AI at the core of future networks
DoT and allied agencies now explicitly position AI as a foundational element of next-generation network architecture, with 6G vision documents talking of “AI-native networks” that are largely self-optimising, self-healing, and heavily automated end to end. This shifts AI from being a support tool for analytics to becoming an embedded control layer for radio, transport, and core networks, including traffic engineering, spectrum management, and energy optimisation.
India’s 6G blueprint envisages “networks of networks” spanning terrestrial and non-terrestrial systems, with AI and machine learning used to manage complex, analytically intractable conditions and to offer AI-as-a-Service from a distributed cloud fabric. In practice, this means that whoever controls the models and compute underlying these AI-native networks effectively controls key levers of network performance, resilience, and even security posture.
Strategic alarm after Anthropic curbs
The US directive forcing Anthropic to suspend access to its Fable 5 and Mythos 5 models for all foreign nationals has acted as a wake-up call for countries that had quietly assumed persistent access to frontier cloud AI. For India’s telecom and digital infra planners, this has underscored the risk of building AI-native networks whose most advanced optimisation, planning, or security functions sit atop foreign-controlled models that can be switched off by external policy decisions.

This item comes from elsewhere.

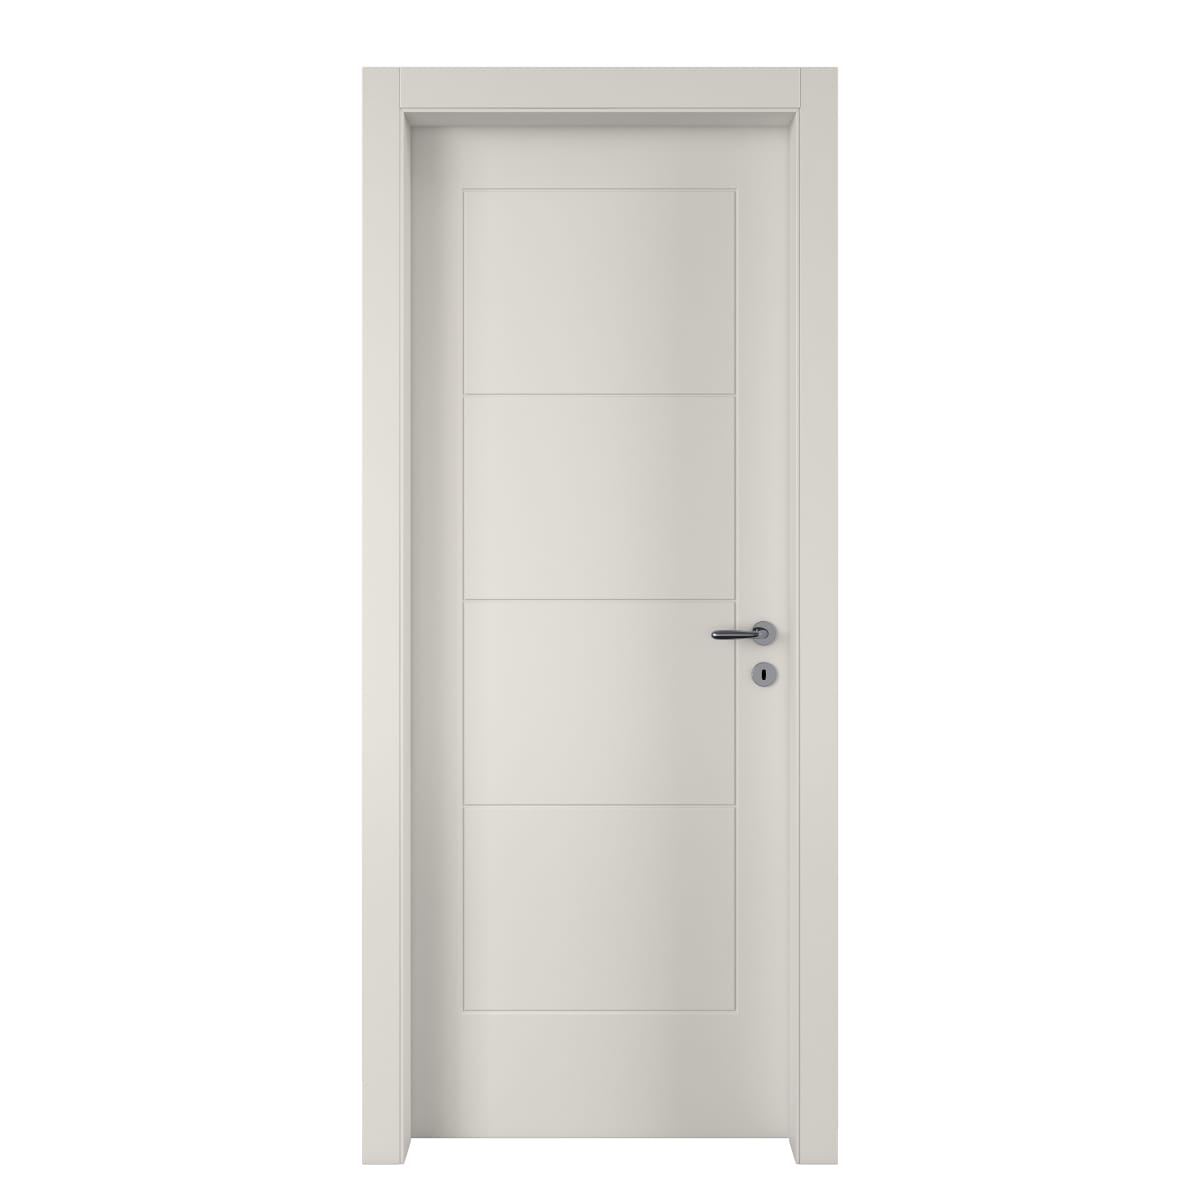 WHITE RIBERA DOOR 80X210 LEFT

Given ongoing work with the ITU on AI-native networks and India’s visible push to influence global 6G and satellite communications policy, the possibility of sudden model withdrawal is now seen as a direct strategic vulnerability rather than just a procurement inconvenience. This is particularly sensitive where AI is expected to drive self-healing operations, anomaly detection, and cyber defence for critical backbone networks and government communications.

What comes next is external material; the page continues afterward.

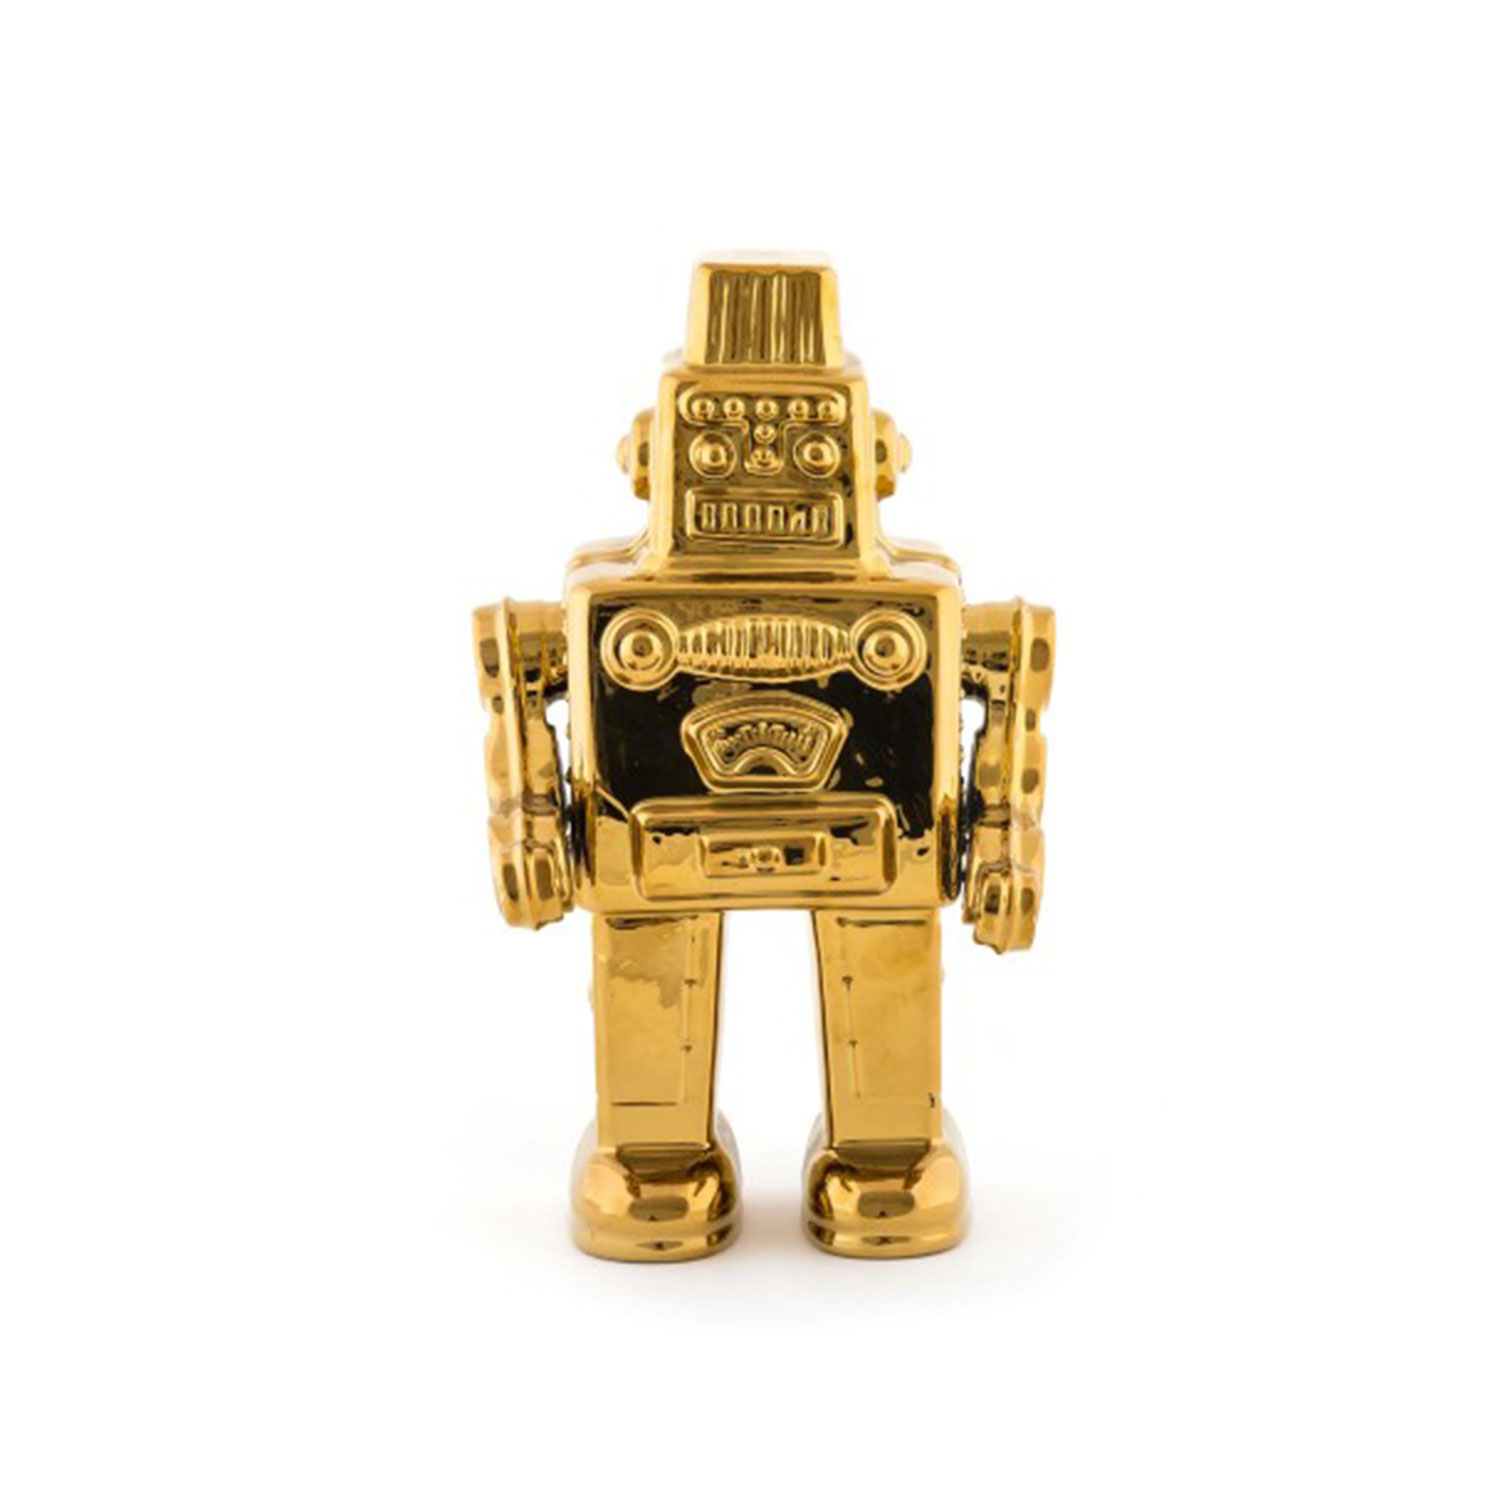 My Robot Porslinsskulptur, Limited Gold Edition

Reorienting IndiaAI toward telecom infra
Against this backdrop, the IndiaAI Mission’s infrastructure components, particularly compute, data platforms, and cloud access, are being reassessed with an eye on sovereign telecom capability. The Mission already envisages large-scale GPU infrastructure and cloud-based AI services; the review is likely to push for explicit carve-outs to support telco-grade AI workloads, RAN optimisation models, and secure core-network intelligence that are fully controllable from within India.

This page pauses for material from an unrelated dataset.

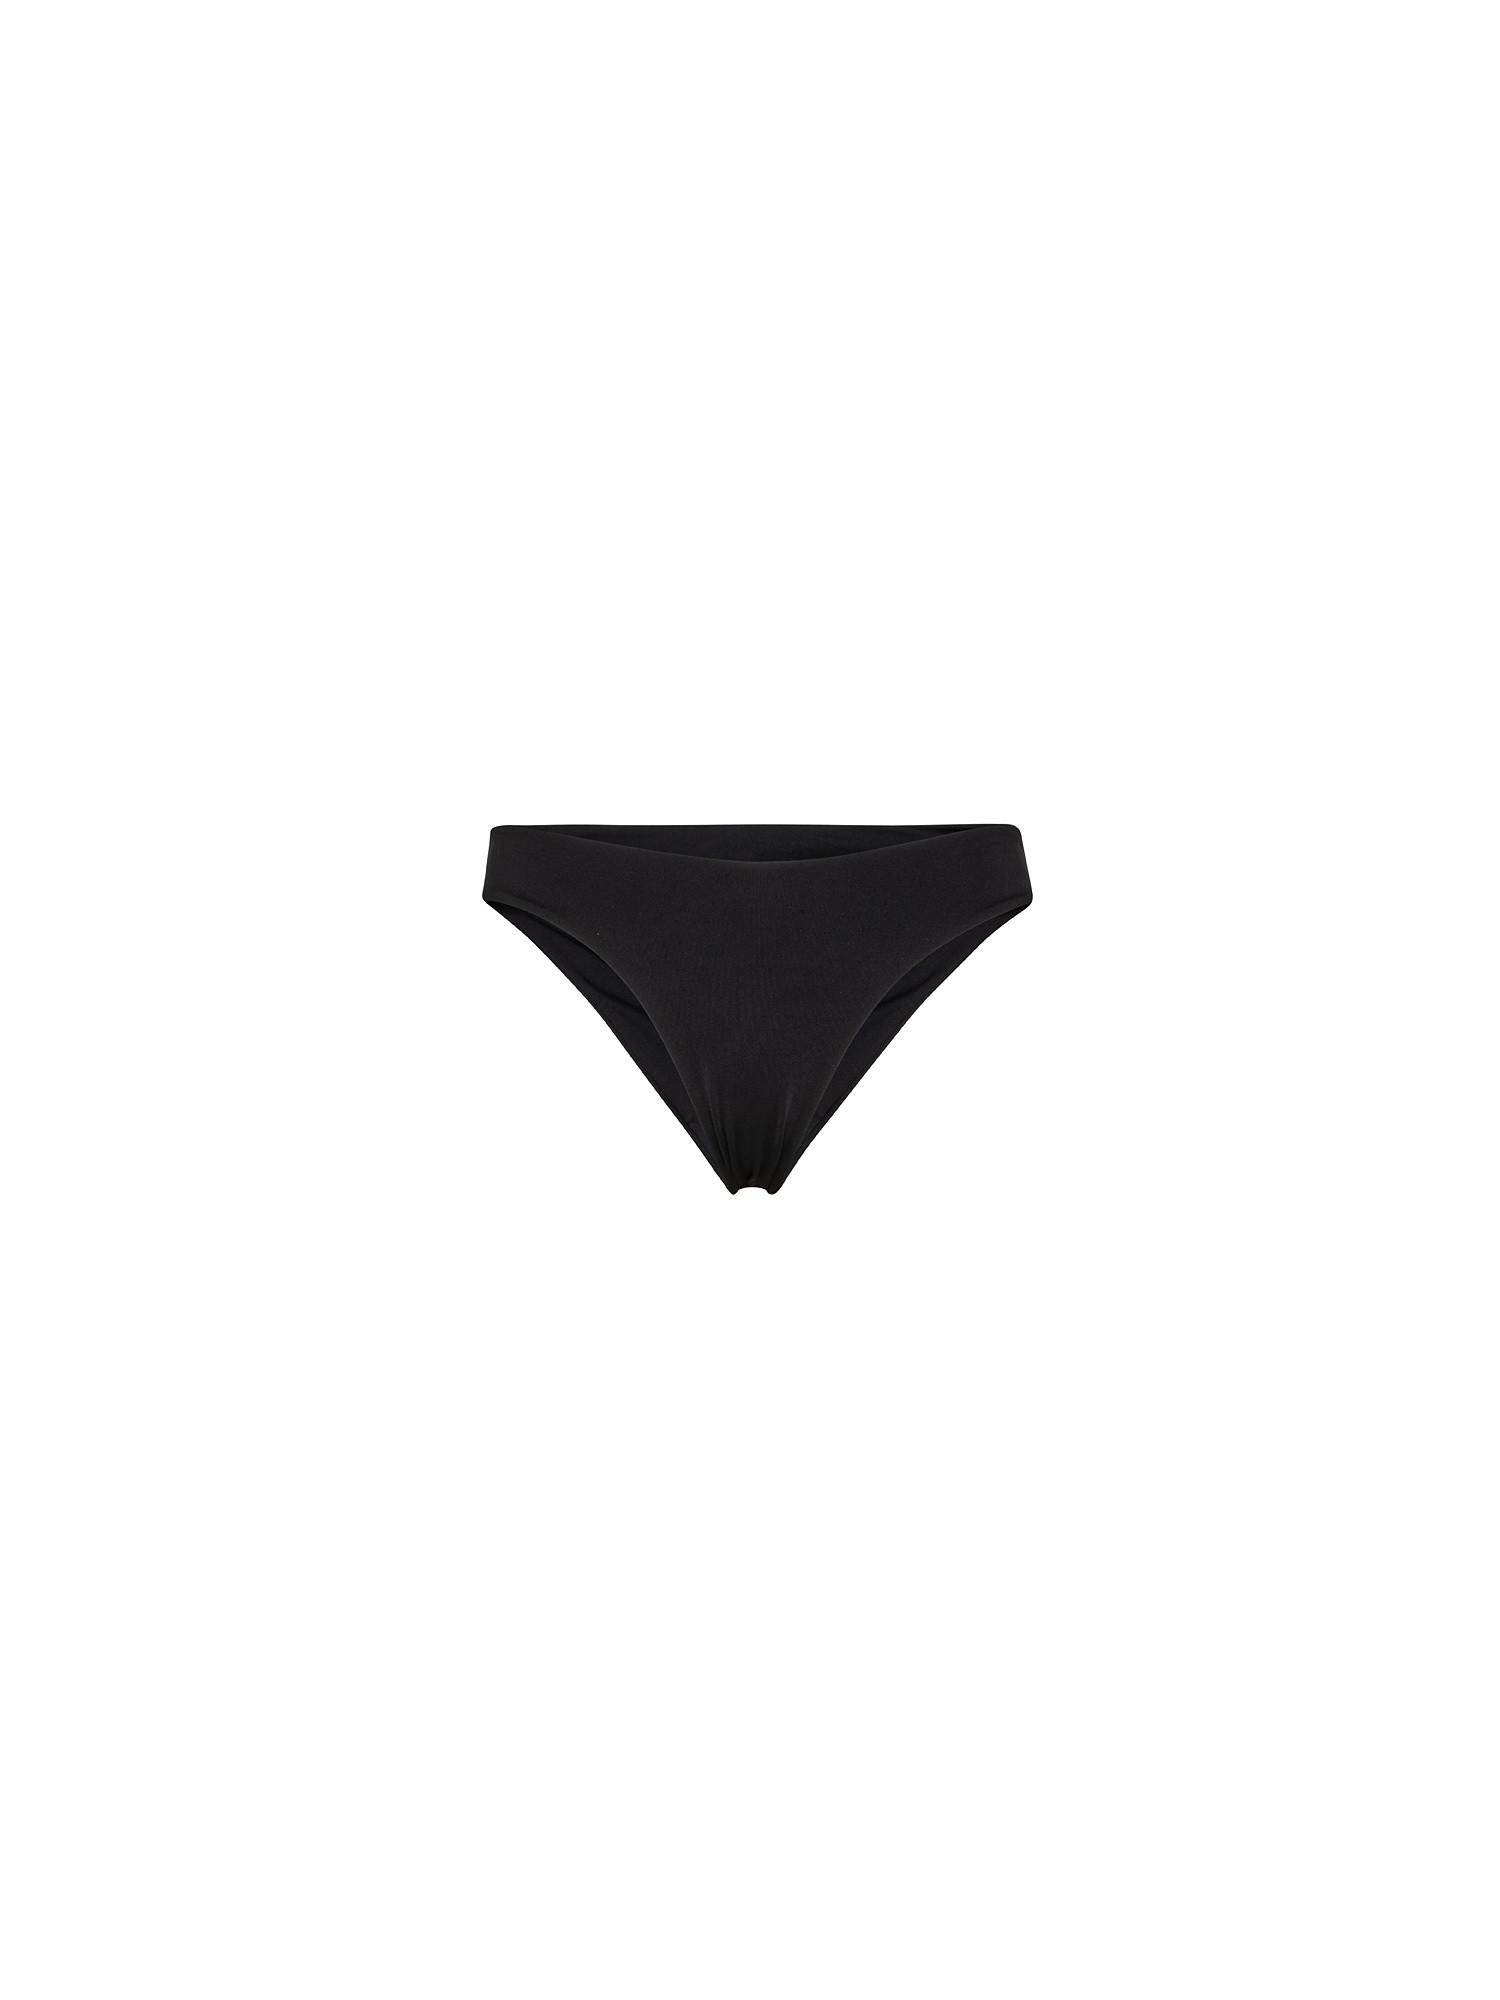 Bikini bottom brazilian brief, Black, large image number 0

Policy discussions are focusing on:
- Prioritising access to national AI compute for telecom operators, network OEMs, and domestic 6G R&D programmes, not just generic AI startups.
- Building indigenous foundational models tuned to Indian network conditions, traffic patterns, and spectrum usage, including rural and satellite backhaul scenarios.
- Ensuring that critical orchestration and policy engines for AI-native networks can run on Indian clouds or in operator data centres, decoupled from foreign export-control risk.
Sovereign AI for 6G and Open RAN
Government messaging around 6G already emphasises sovereign capability across chip design, secure core, satellite backhaul, and Open RAN, with AI-native networks cited as a central pillar. The IndiaAI rethink dovetails with this by treating AI models and training infrastructure as strategic assets in the same category as spectrum, silicon, and encryption technologies for future networks.
For Open RAN in particular, where intelligence is disaggregated into virtualised and cloudified components, control over AI-based RAN optimisation models and inference platforms becomes critical to avoid lock-in to foreign vendors or hyperscale clouds. Sovereign AI capabilities would allow Indian vendors and operators to train, fine-tune, and deploy their own models for beamforming, interference management, and energy control, using domestic data while retaining full control over updates and guardrails.
Implications for operators and digital infra
For operators, an overhauled IndiaAI framework aligned with telecom and digital infra priorities could translate into subsidised or priority access to national AI compute, shared model libraries for network functions, and standardised APIs for integrating AI-as-a-Service into OSS/BSS and NOC environments. At the infra layer, national AI clusters and edge compute nodes could be co-located with major fibre routes, data centres, and IXPs, creating a distributed AI fabric optimised for low-latency network control and content delivery.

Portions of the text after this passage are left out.